2. Experiment beim Augenarzt.
Ein Patient sagt dem Augenarzt, daß er nich lesen kann.
Der Augenarzt zeigt auf eine Tafel mit kleinen Buchstaben.
Frage: Können Sie das lesen?   Antwort: nein.
Der Augenrazt zeigt auf eine Tafel mit großen Buchstaben.
Frage: Können Sie das jetzt lesen?   Antwort: auch nicht.
Zuletzt nimmt der Augenarzt eine Tafel mit riesigen Buchstaben.
Aber jetzt müssen Sie das doch lesen können?
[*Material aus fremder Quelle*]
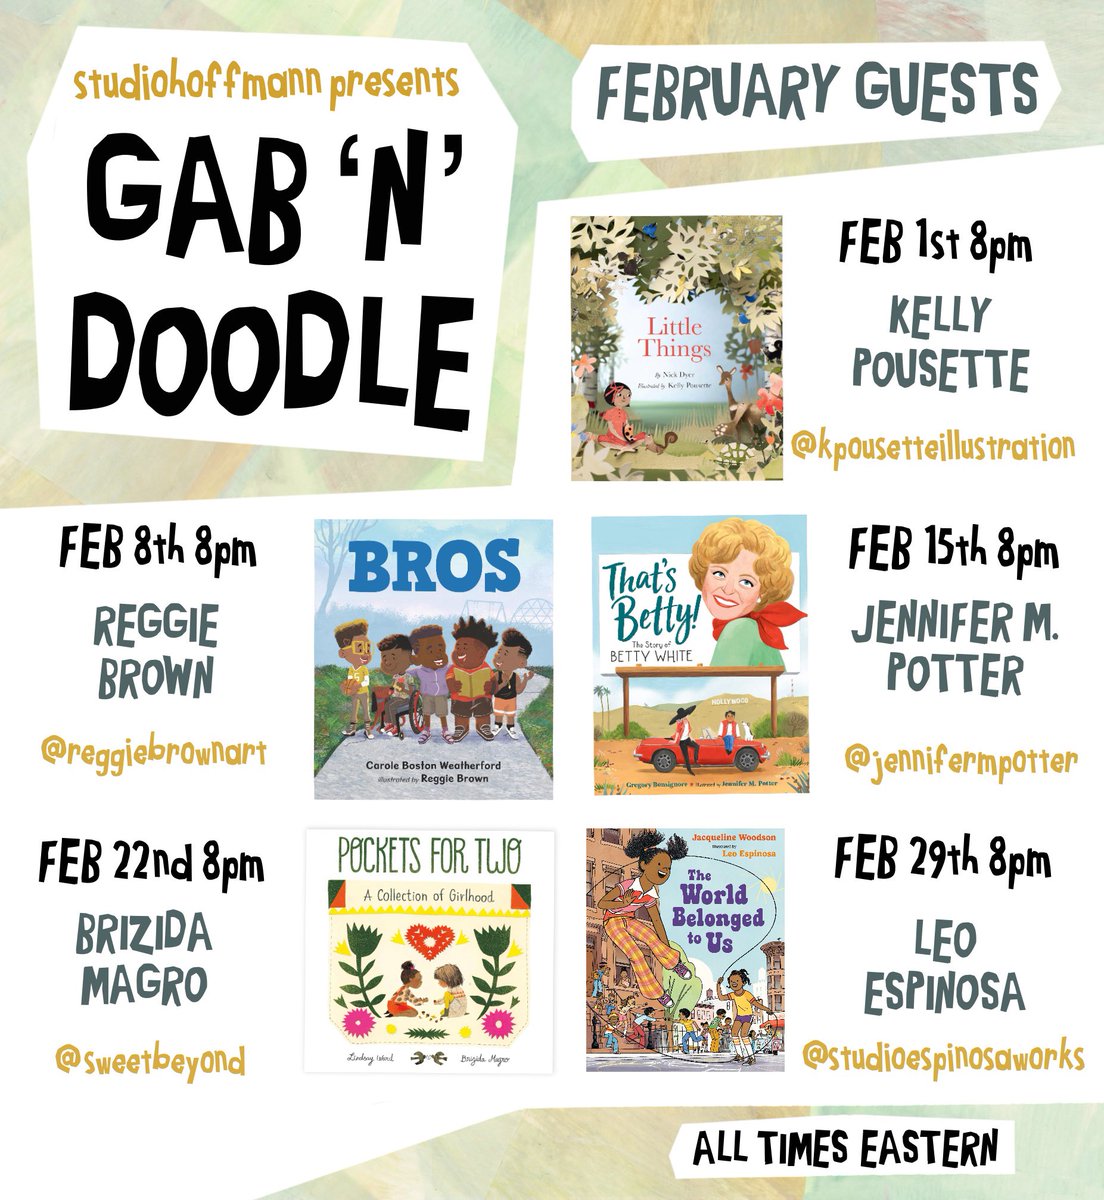 SAVE THE DATES!!! Happy Leap Year! In celebration we are having 5 guest in the shortest month for Gab ‘n’ Doodle. That’s right! 5! Even more talent than should be possible. So make sure to tune in for two scoops of fabulous illustrators. #kidlitart #kidlit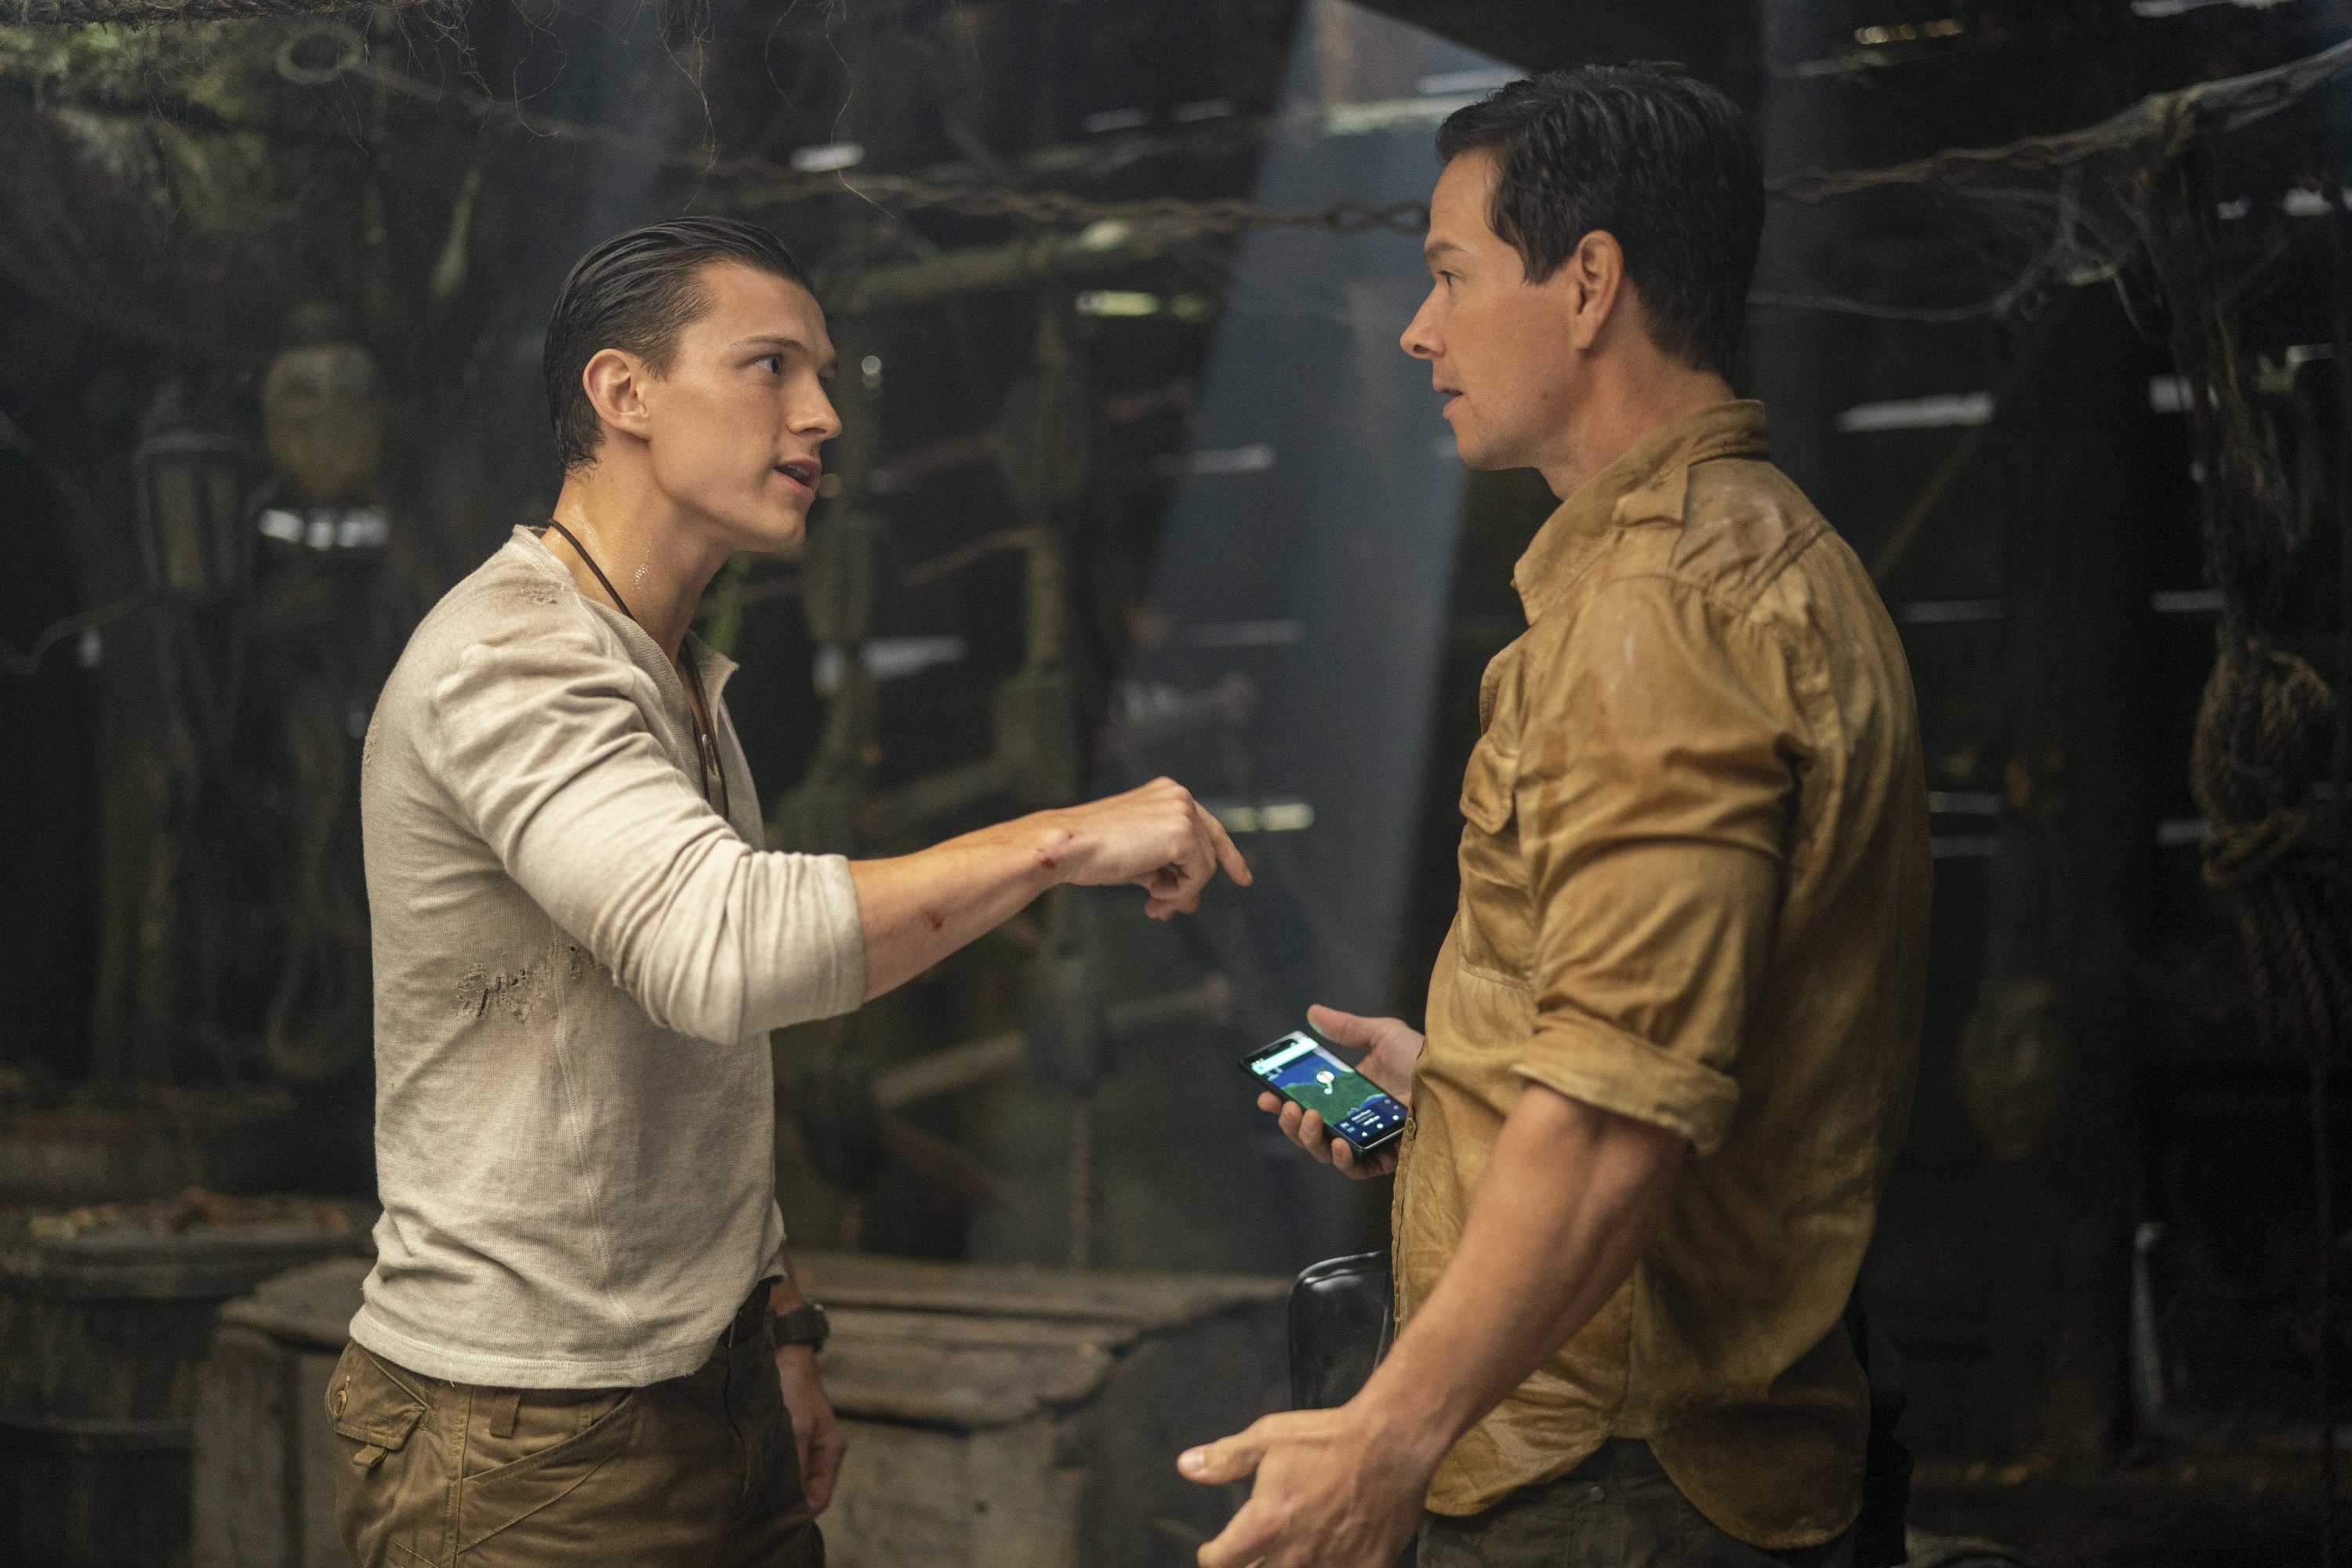 Mark Wahlberg (R) and Tom Holland appear in a scene from "Uncharted." (AP Photo)

Antwort: das kann ich auch nicht lesen.
Der Augenarzt fast verzweifel: das ist A B C, das müssen sie doch lesen können. Antwort: Herr Doktor, ich kann gar nicht lesen.

Kommentar:
Der Patient könnte weder mit einer Brille oder einer Lupe noch einem Mikroskop oder Teleskop lesen. Diese Beispiele sollten nur verdeutlichen, daß der Kosmos wohl richtig antwortet, wir oftmals aber falsche Fragen stellen und dadurch falsche Schlüsse ziehen.

Schon 1 kleiner Fleck von 1mm2
auf einem weißen Bogen DIN A4 = 210 × 297 mm = 62.370 mm2 fällt sofort auf. Natürlich sieht das Auge immer auch den ganzen Bogen - er wird aber für das "bewußte Bewußtsein" ausgeblendet.